Food Fight: Battle Baguette
Angela's Oven, front. French Riviera, back.
In a recent Chef Chat, Philippe Schmit said the best baguette he'd found in Houston was at French Riviera Bakery and Café. It wasn't a surprising choice; French Riviera, run by the Madagascar-born and Paris-trained Wu brothers, has been turning out fantastic bread and other delights for more than 30 years. And it has the hardware to show for it, including Best Bakery at last year's Houston Culinary Awards, and, from this publication, Best Croissant (in 2010) and Best Bread (in 2008).
But recently I've been hearing a lot about the bread - and baguettes - from Farmer's Market stalwart and Heights newcomer Angela's Oven. Angela's Oven may not style itself a French bakery, but they make baguettes, and for that alone are up in French Riviera's grill, culinarily speaking. And now it's on like Donkey Kong™.
Angela's Oven, left. French Riviera, right.
Because the French are, well, French, there is a Platonic (Descartian?) ideal of a baguette, and, as codified in the rules of the Grand Prix de la Baguette de la Ville de Paris, Paris's annual baguette competition, this ideal has been reduced to a 20-point scale based on five qualities: aroma, taste, appearance, cuisson (baking skill), and alvéolage (the internal structure of holes). For further information about baguettes and the Parisian contest, I highly recommend Jeffrey Steingarten's marvelously entertaining "The Loaf that Nearly Died,") truly the gold standard in baguette studies.

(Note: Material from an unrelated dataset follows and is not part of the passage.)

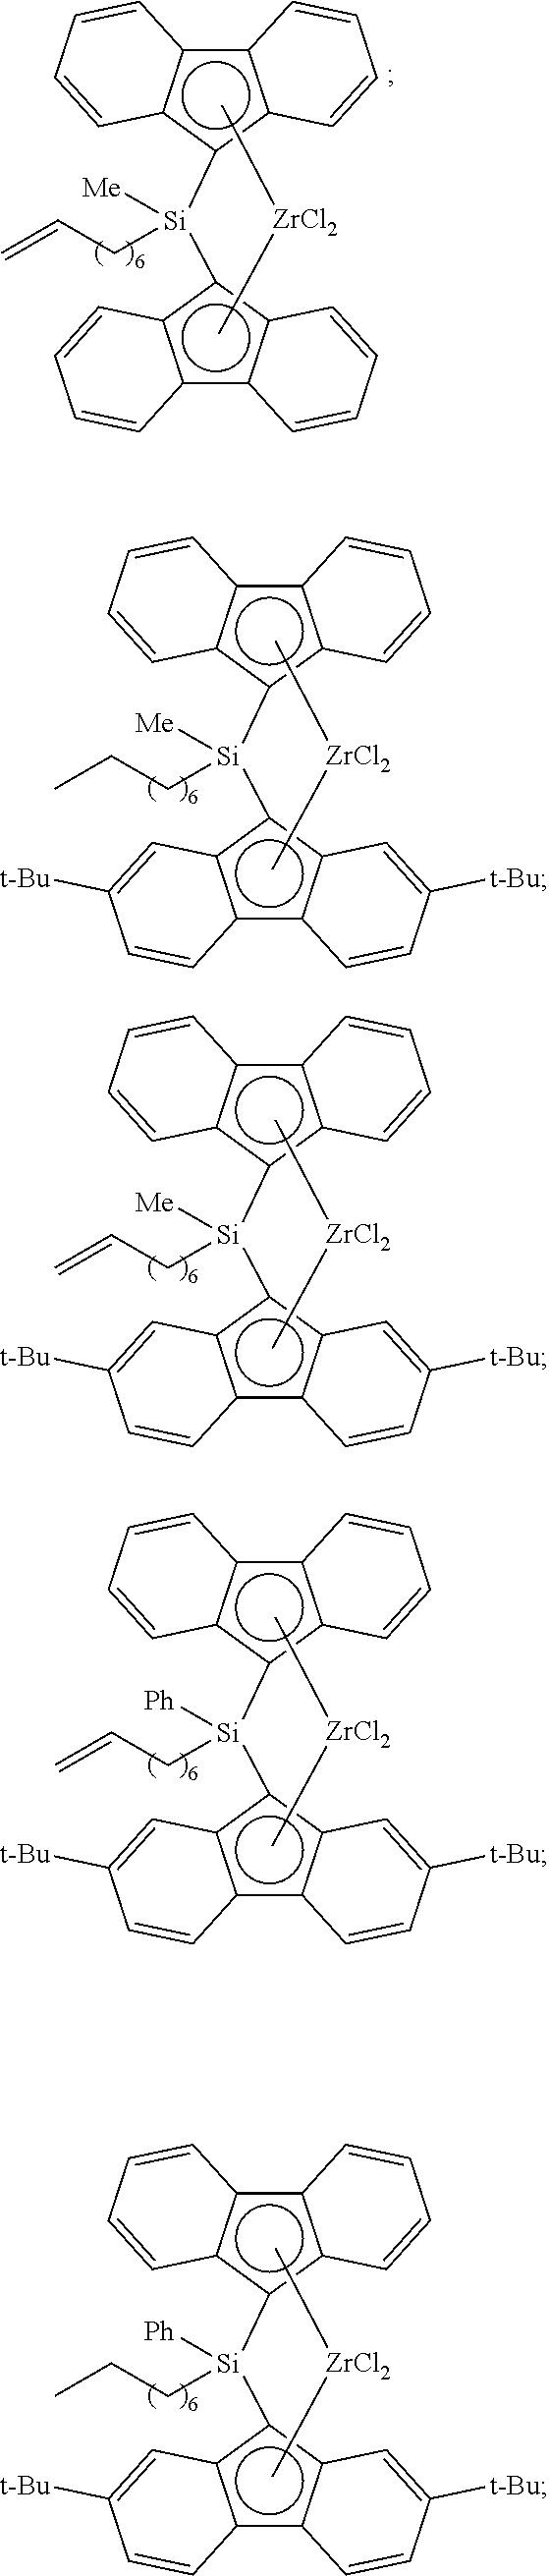 Figure US08501654-20130806-C00031

Am I qualified to assess baguettes according to the Parisian system? Probably not. I'm not French, but then again I have been to Paris and eaten mind-blowing baguettes from the likes of Eric Kayser. And even if I was French, that wouldn't make me an expert on French food any more than being an American makes someone an expert on American food. Plenty of Americans prefer to eat at Applebee's and Olive Garden.
On to the judging!
[all category scores out of 4 points]
French Riviera Bakery and Café
Aroma: Pleasant but fairly light. I prefer something stronger, to remind me that I'm eating something that came from an oven. 2.5
Taste: Hits all the right notes; simple, almost creamy, with just a hint of yeastiness. 3 Appearance: A wide, rounded loaf, bearing a slight waffle print on the bottom indicating the use of a bread pan, which is antithetical to the traditional hearth-baked method. My loaf also had some black carbonized flecks of uncertain provenance on the bottom and sides. The crumb is almost ivory-white, when it should be more beige. It would also be disqualified from Paris's baguette competition on two technical grounds: it is too light at 8.5 oz./240g (the accepted range is 250-300g), and too short at 23"/58cm (the accepted range is 60-70cm). 2
Cuisson: A wonderfully flaky golden crust, with a fluffy crumb that has the texture of cotton candy, yet is also elastic and moist. Well crafted, indeed. 3.5
Alvéolage: Not many bubbles or holes, and altogether too uniform. 1.5
Total score: 12.5
Aroma: Toasty, but not overwhelming. Rather nice. 3
Taste: The toastiness of the crust filters into every bite, which I personally like but may be too much for some. This bread is closer to an amazing country white loaf in baguette form. Definitely not traditional, but I dig it. 3
Appearance: The crust is brown, not golden in the slightest, and comes dangerously close to appearing overbaked. But the interior is more creamy than white, and the loaf shape is pleasantly irregular, with the underside showing both the flatness and the darker color that come from being baked on a hearth. This loaf would also have been disqualified from the Parisian competition for weighing 303g, although at 66 cm, it fits squarely within the length guidelines. 2.5
Cuisson: A tough call: the crumb is outstanding, and I can't say it isn't exactly the way the baker intended. But it is extremely dense, almost spongy, and by far the heaviest baguette I've ever eaten. Again, it's more like a country loaf. The crust is chewy and not flaky in the slightest. It's great, but not what a baguette should be. 1.5
Alvéolage: Impressively irregular holes and bubbles of varying sizes throughout the loaf. The only knock is that some of the holes extend along a large part of the loaf and more closely resemble tunnels. 3.5
Total score: 13.5
Angela's Oven, but just barely. And don't be put off by the scores, which are only low because I've tried to judge these loaves according to the exacting Parisian standards. Let me be clear: Both of these loaves are excellent, and rank among the elite loaves in Houston. I would happily eat either one again. In fact, I would go out of my way to eat either one again. If you want a lighter, flakier baguette, go with French Riviera; if you want something chewier and heavier, go with Angela's Oven.